Köpeklerde kuduz belirtilerinin ortaya çıkmasından 8 - 12 gün
önceki süre içinde salyada virüs bulunduğu bilinmektedir. Bu
nedenle , ister evcil ister yabani hayvan ısırığı olsun , her
ısırık yarasında bir enfeksiyon tehlikesi vardır.
Kuduz virüsü sağlam deri ve mukozalardan
geçemez. Deri ve mukozalardaki taze yara ve çiziklerden geçme
ihtimali vardır. Kuduz bir hayvan tarafından ısırılan her hayvan
kudurmayabilir. Isırılan hayvanın kudurup kudurmaması , salyadaki
virüs miktarına , yaranın derin veya yüzlek oluşuna ve ısırılan
bölgenin sinir ve damarlar bakımından zenginlik durumuna göre
değişir.
Köpeklerde kuduz semptomlarının ortaya
çıkışına yakın günlerde ve semptomların görüldüğü ilk birkaç günde
salyadaki virüs miktarı çok yüksektir. Felçlerin şekillendiği
ileri dönemlerde salyadaki virüs miktarı giderek azalır. Çok
kanama yapan ısırık yaraları ve yüzlek olan ısırık yaraları
nisbeten daha az tehlikelidir.
Virüs , ısırık yarasının bulunduğu bölgeyi
innerve ( uyaran ) eden sinirleri takip ederek Medulla Sipinalis
'e ve oradan beyine veyahut da doğrudan baş sinirlerdeki ganglion
hücrelerinde çoğalır. Tükürük bezleri ve cornea'da da virüs
mevcuttur.
Virüs esas olarak salya ile kısmen de dışkı
, idrar ve süt ile atılır. Plasentayı geçebilir. Gebeliğin son
aylarında ısırılan bir ineğin buzağısı anasından önce kudurabilir.

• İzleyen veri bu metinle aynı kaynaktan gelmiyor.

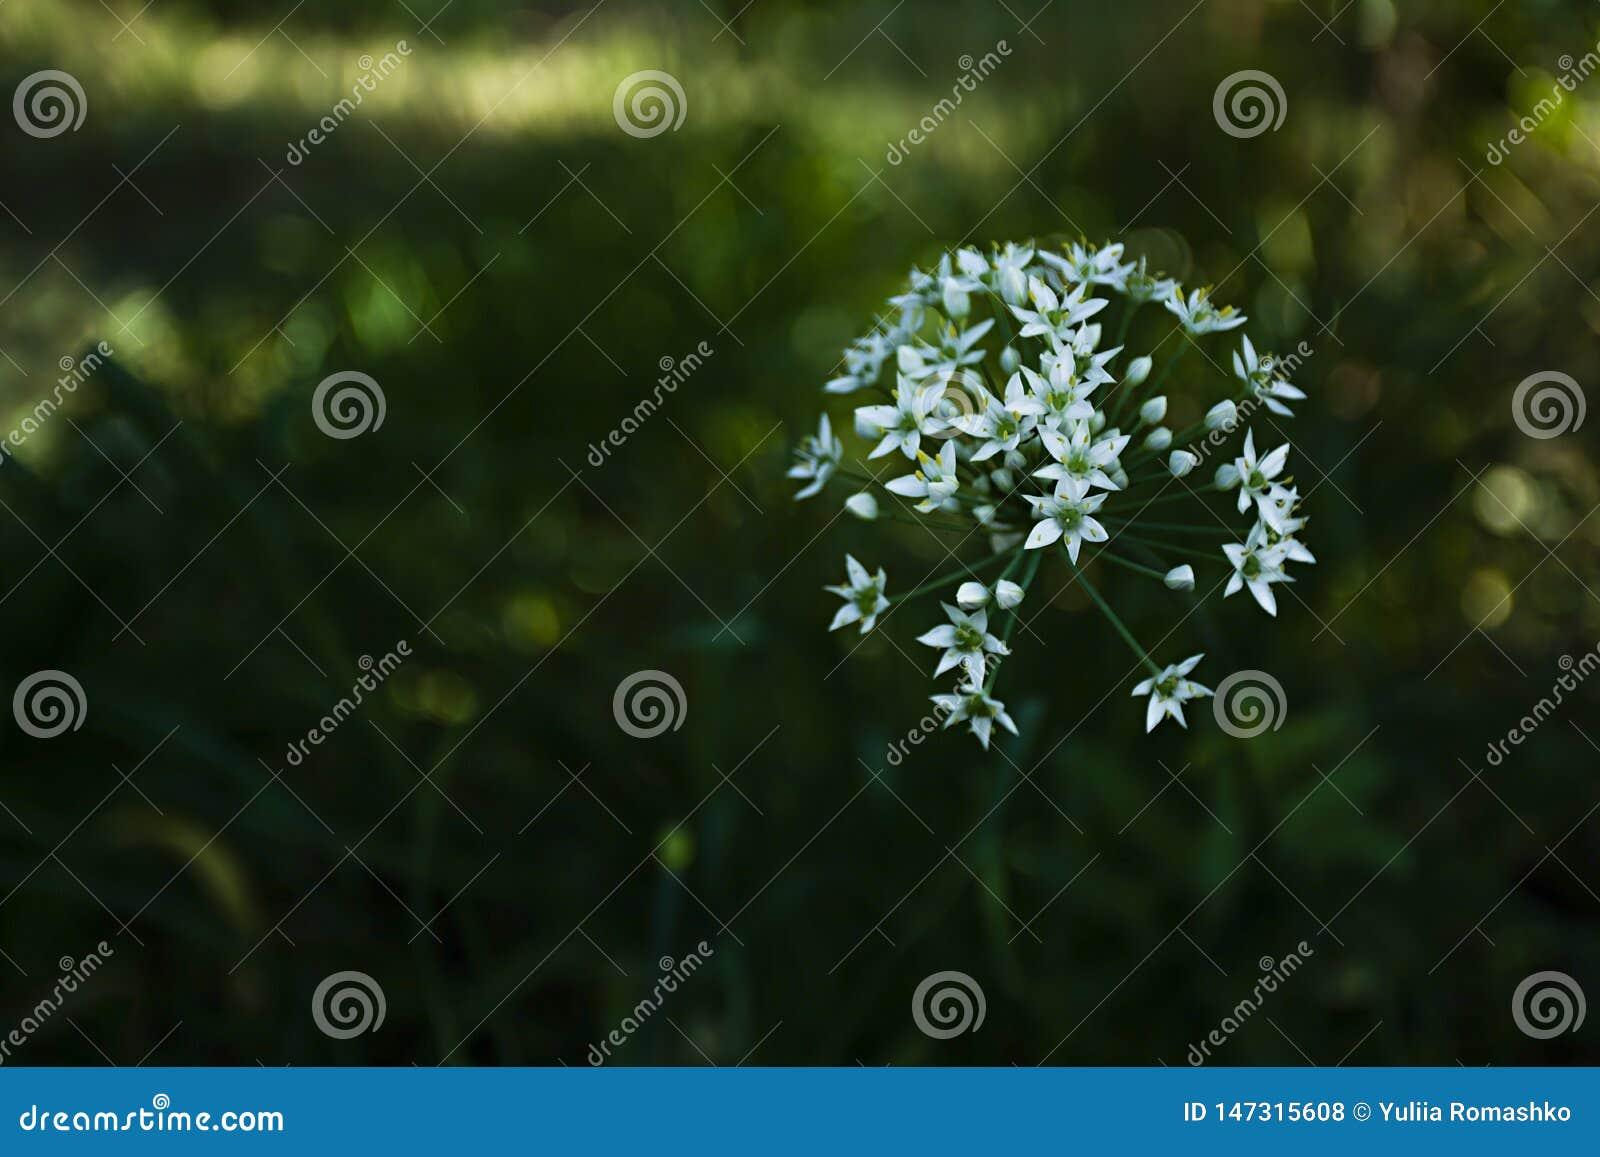 White garlic flowering heads of garlic, known as garlic, Chinese onion, oriental garlic, Chinese leek, blooming in autumn

İnkubasyon süresi değişiktir. Sığırlarda 3 aya kadar uzayabilir.
Isırılan nokta beyine ne kadar yakın ise , inkubasyon süresi o
kadar kısalır.
Sığırlarda Kuduz
Semptomları:
İlk belirtiler , çevreye karşı tepkilerde
normal olmayan değişimlerdir. Hiçbir nedene dayanmaksızın sık sık
böğürürler. Bu böğürme açlık veya buzağısını arama gibi durumlarda
rastlanan böğürmelere kıyasla daha kuvvetli ve süreklidir. Giderek
ses kısıklaşır.
Hayvan çok huzursuzdur. Bulunduğu yerde sık
sık yer değiştirir. Amaçsız hareketler yapar. Yanına
yaklaşıldığında saldırır. Yüz hatları çok gergin , bakışlar sert
ve vahşi bir görünümdedir. Çevreden gelen ses ve diğer uyarımlara
karşı normalden fazla bir duyarlılık gösterir. Hafif derecede
exophtalmus hali , pupillada genişleme ve bazen de şaşılık fark
edilir.
İştahı normal niteliğini kaybetmiştir.
Normal yiyecekleri yemez. Bazen yem niteliği taşımayan yabancı
maddeleri ağzına almaya çalışır. Otu ağzına alsa da çiğneyip
yutamaz. Su içmek ister fakat içemez. Su içme çabası sırasında
aşırı tepki gösterir. Kova ile su verildiğinde , kovayı devirir ,
boynuzlayarak parçalamak ister.
Sığırlarda kuduz'un diğer 2 önemli belirtisi
" konstipasyon " ve " tenesmus " dur. Hayvan sık sık ıkınır.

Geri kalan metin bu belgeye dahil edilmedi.